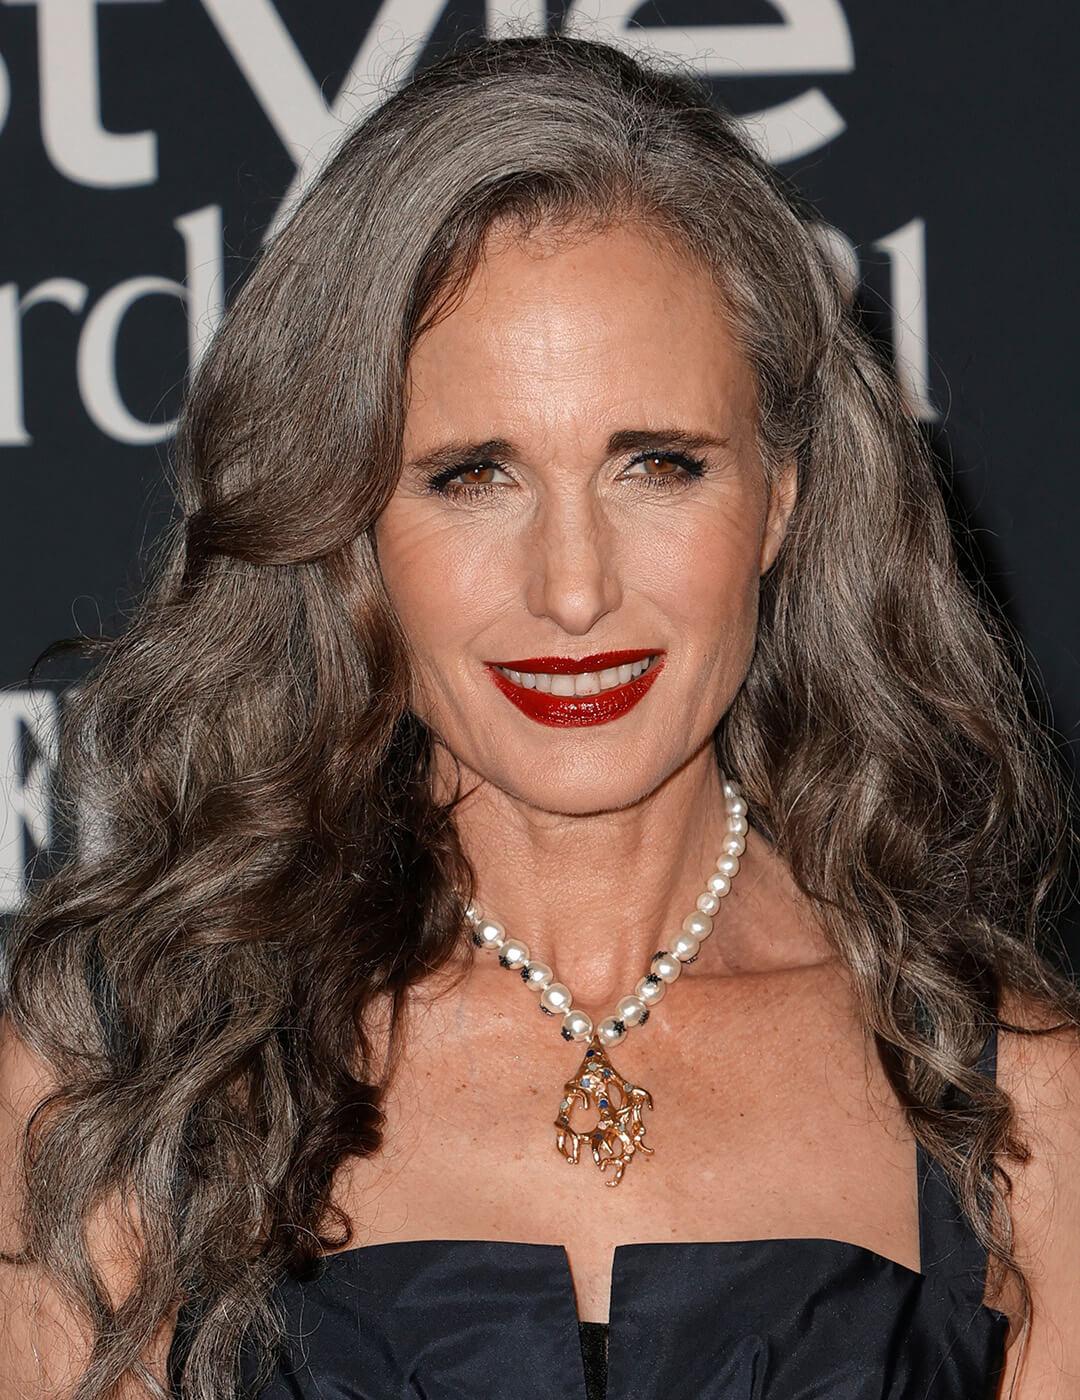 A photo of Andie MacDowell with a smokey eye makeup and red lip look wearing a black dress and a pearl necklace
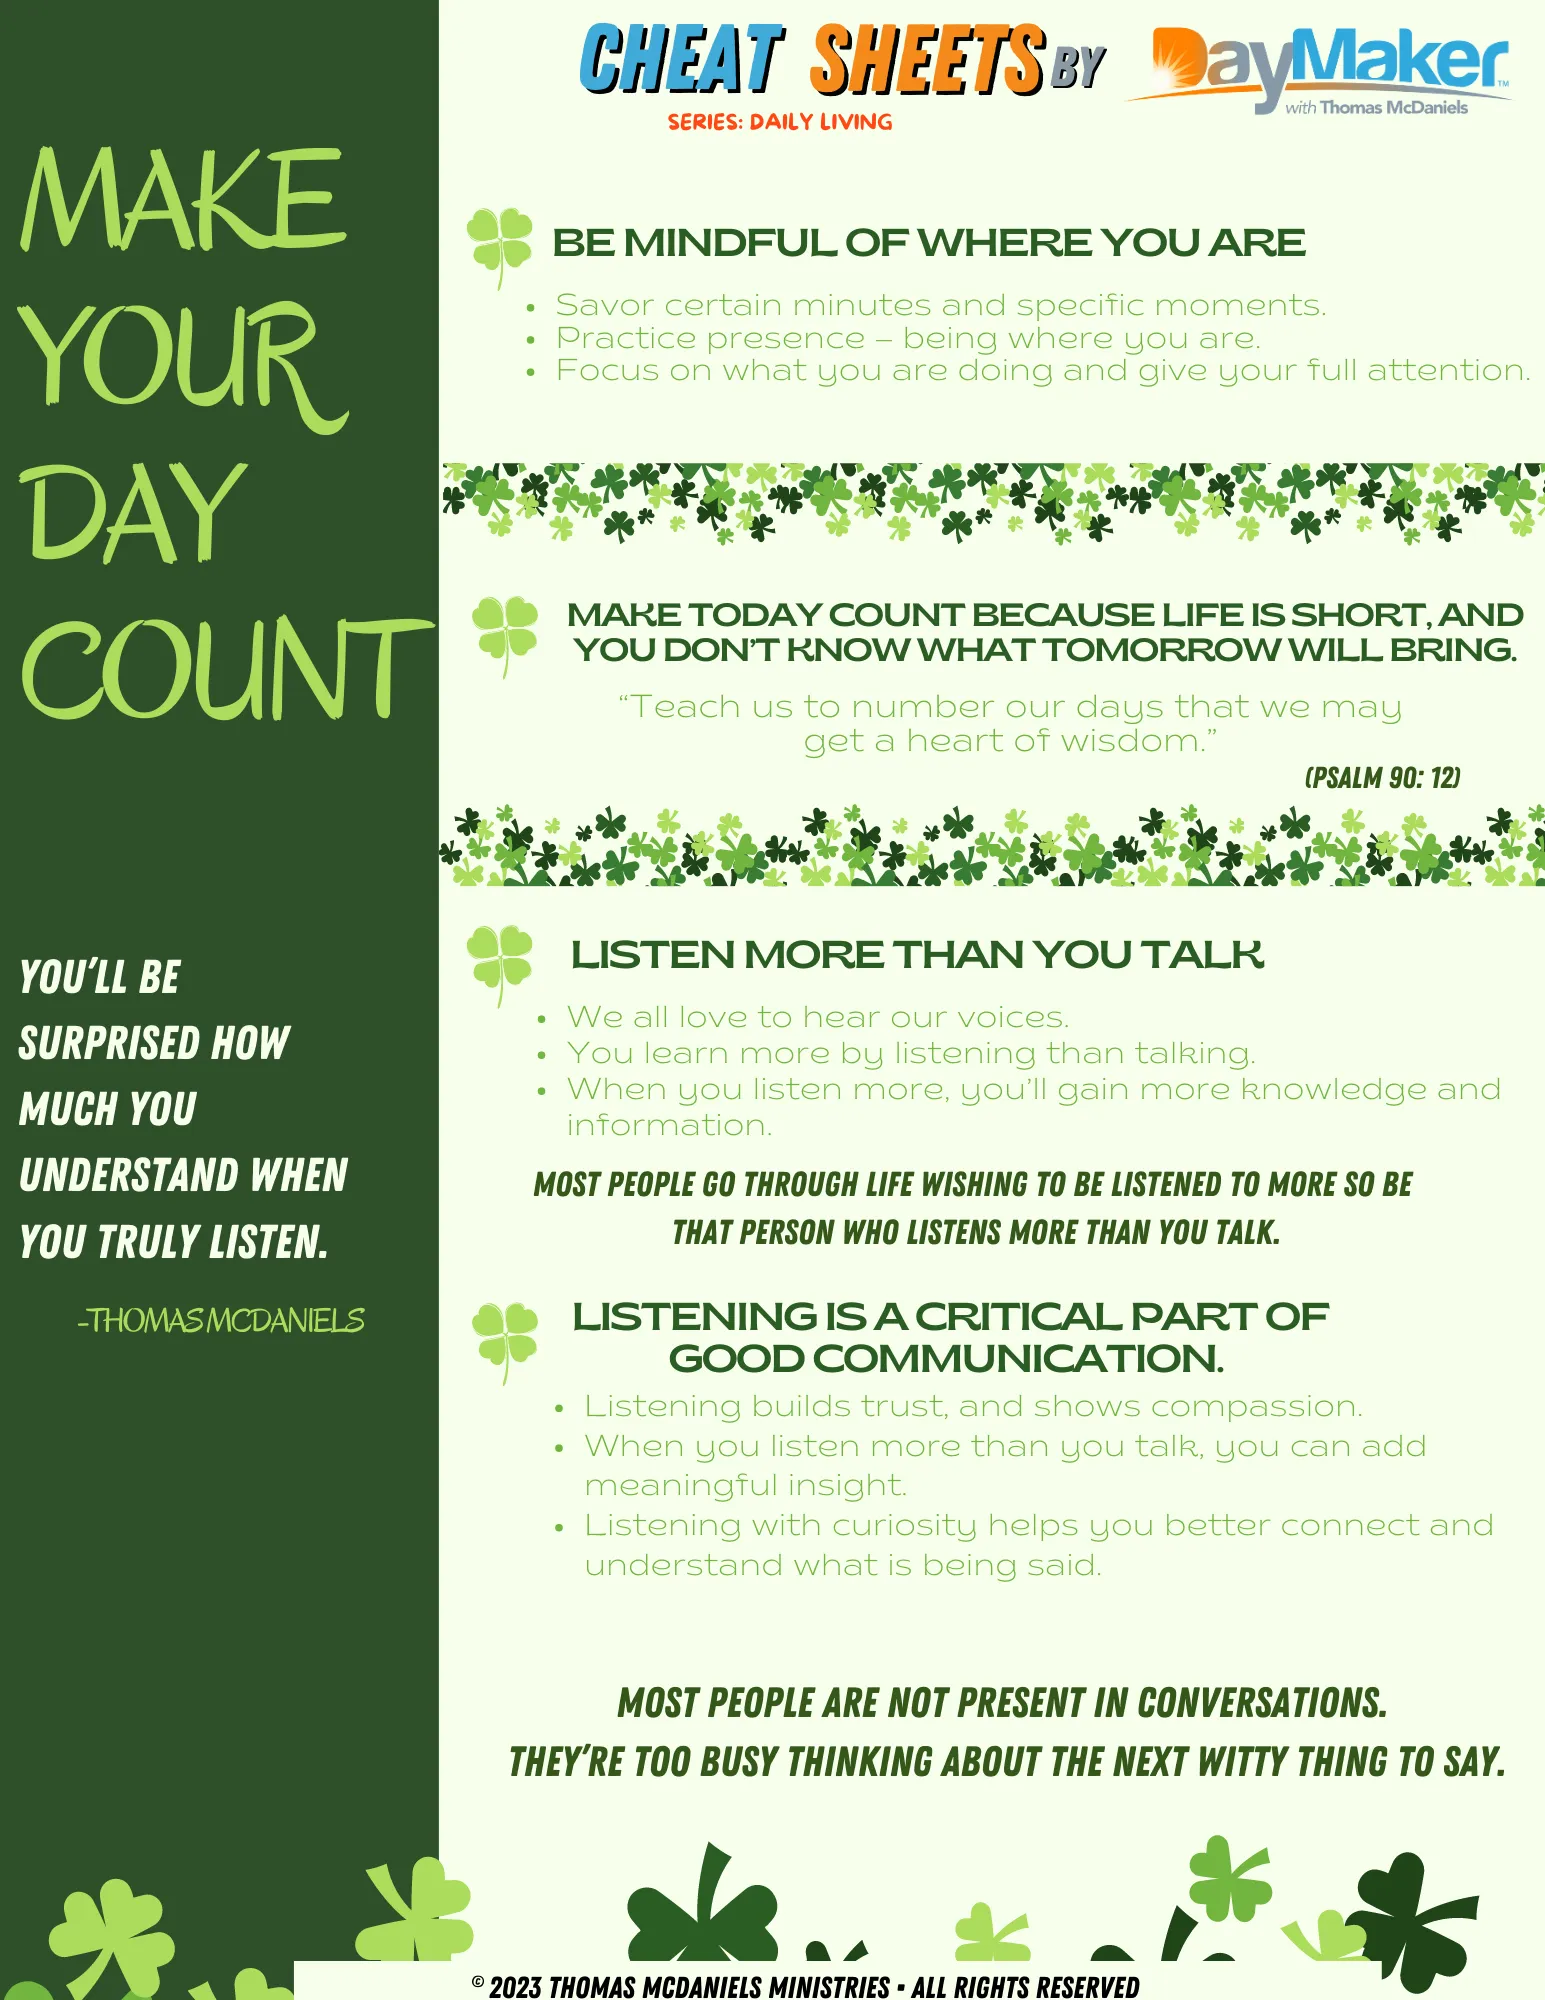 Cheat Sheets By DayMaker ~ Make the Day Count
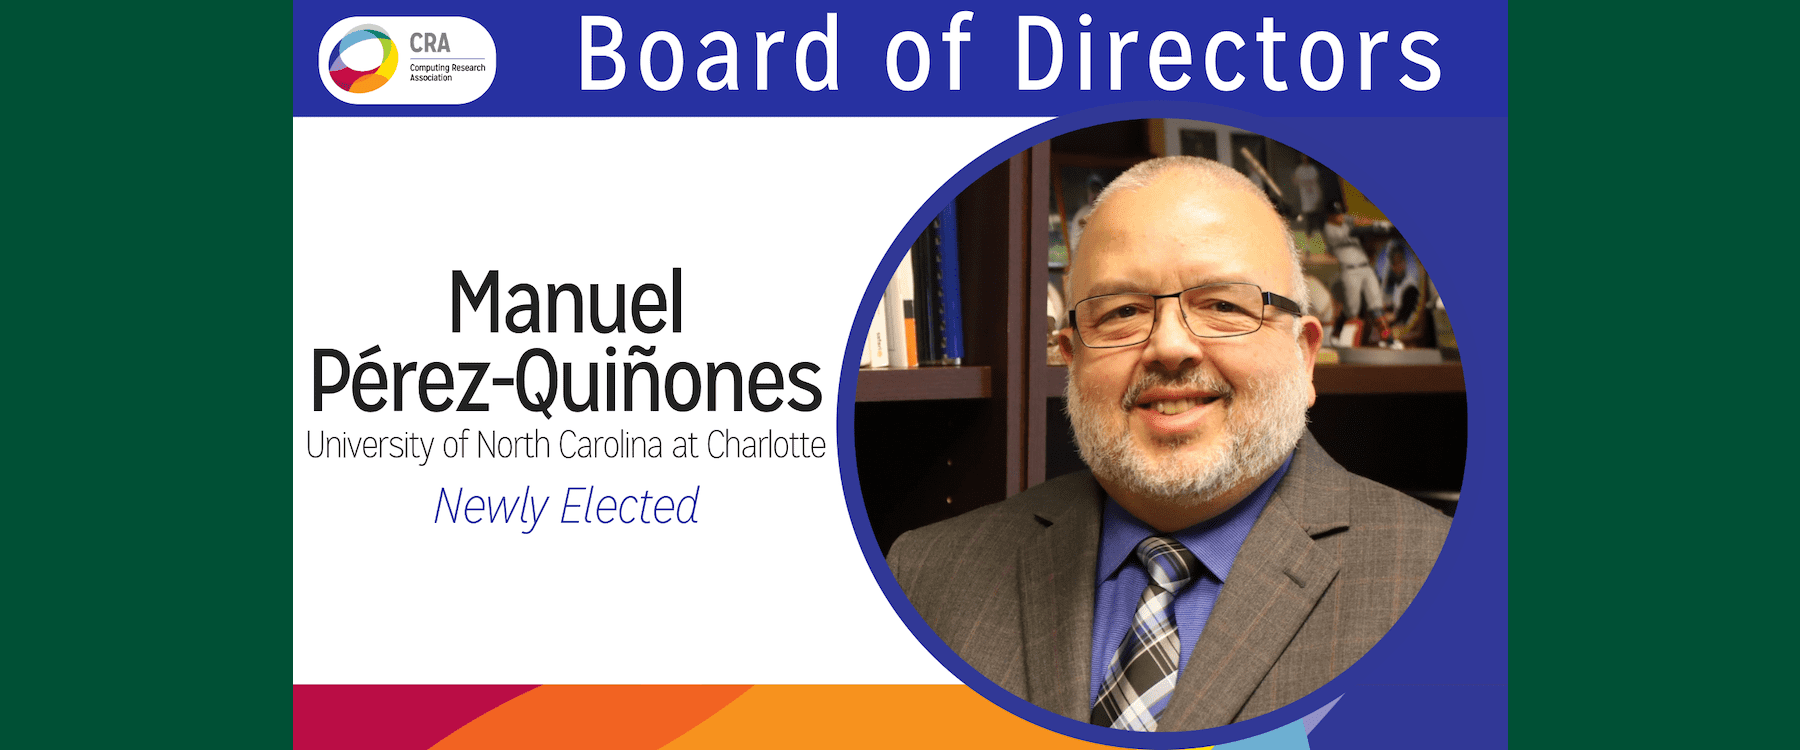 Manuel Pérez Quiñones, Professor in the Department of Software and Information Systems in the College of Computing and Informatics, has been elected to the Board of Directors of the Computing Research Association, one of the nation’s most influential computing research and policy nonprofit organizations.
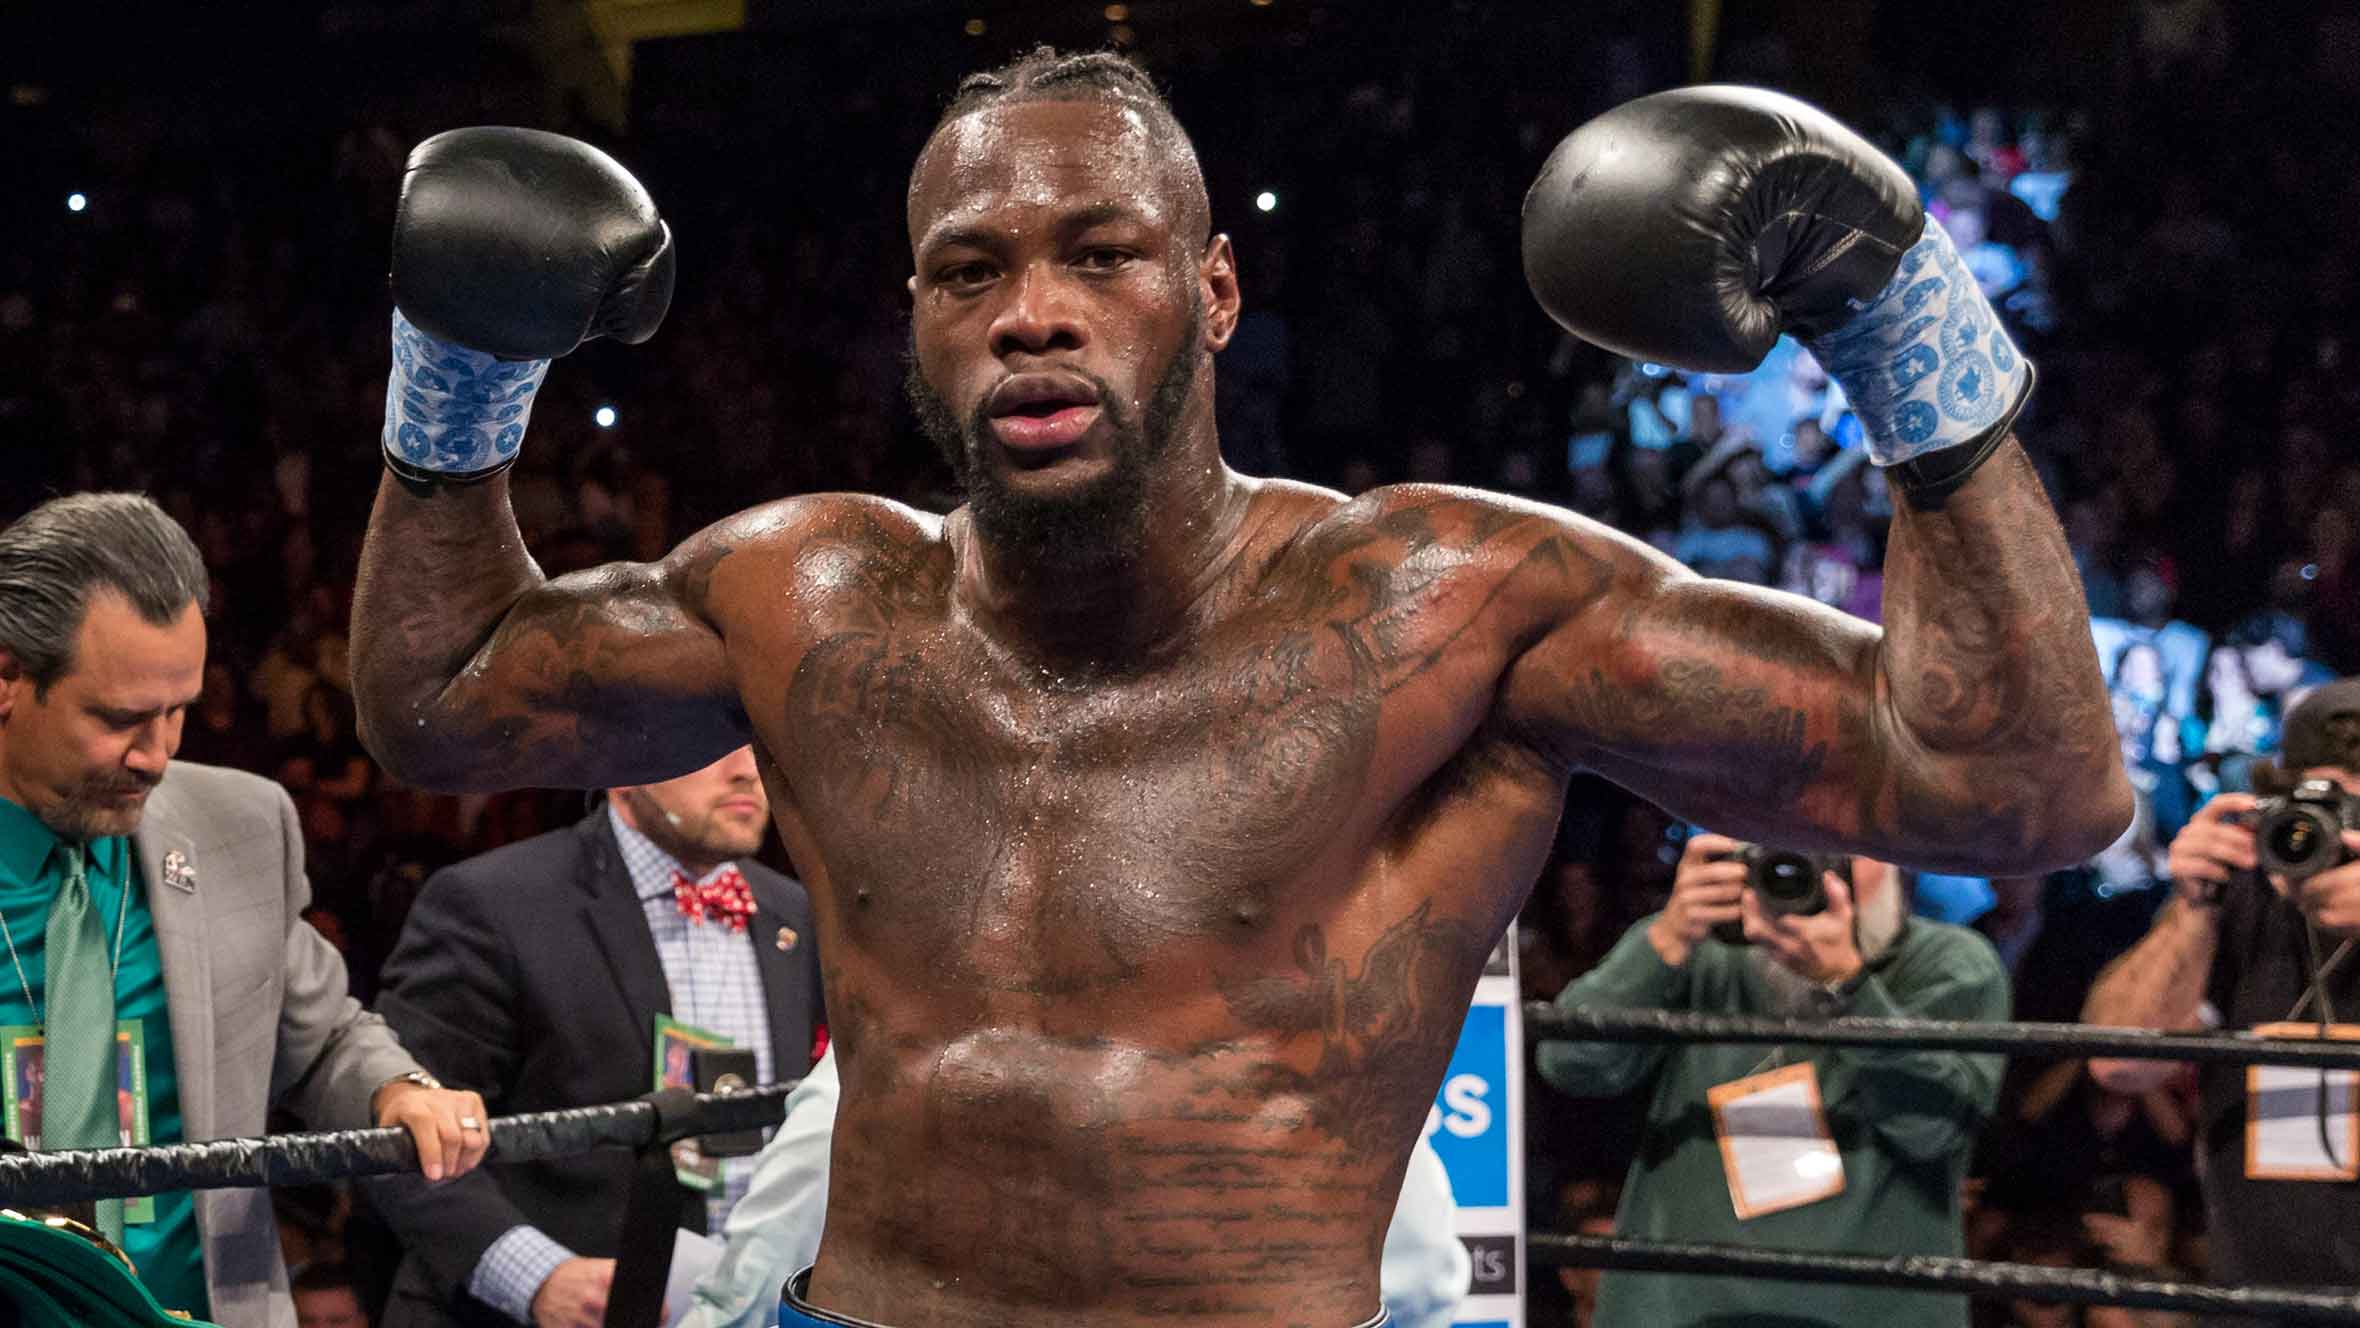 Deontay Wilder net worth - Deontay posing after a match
----------------------------------------
**Aim of the exercise**
Omit all pictures, and repeat exactly the lines from the line containing "Cheat Sheets By" through the end of the data.

**Solved exercise**
 Cheat Sheets By DayMaker ~ Make the Day Count
 Manuel Pérez Quiñones, Professor in the Department of Software and Information Systems in the College of Computing and Informatics, has been elected to the Board of Directors of the Computing Research Association, one of the nation’s most influential computing research and policy nonprofit organizations.
 Deontay Wilder net worth - Deontay posing after a match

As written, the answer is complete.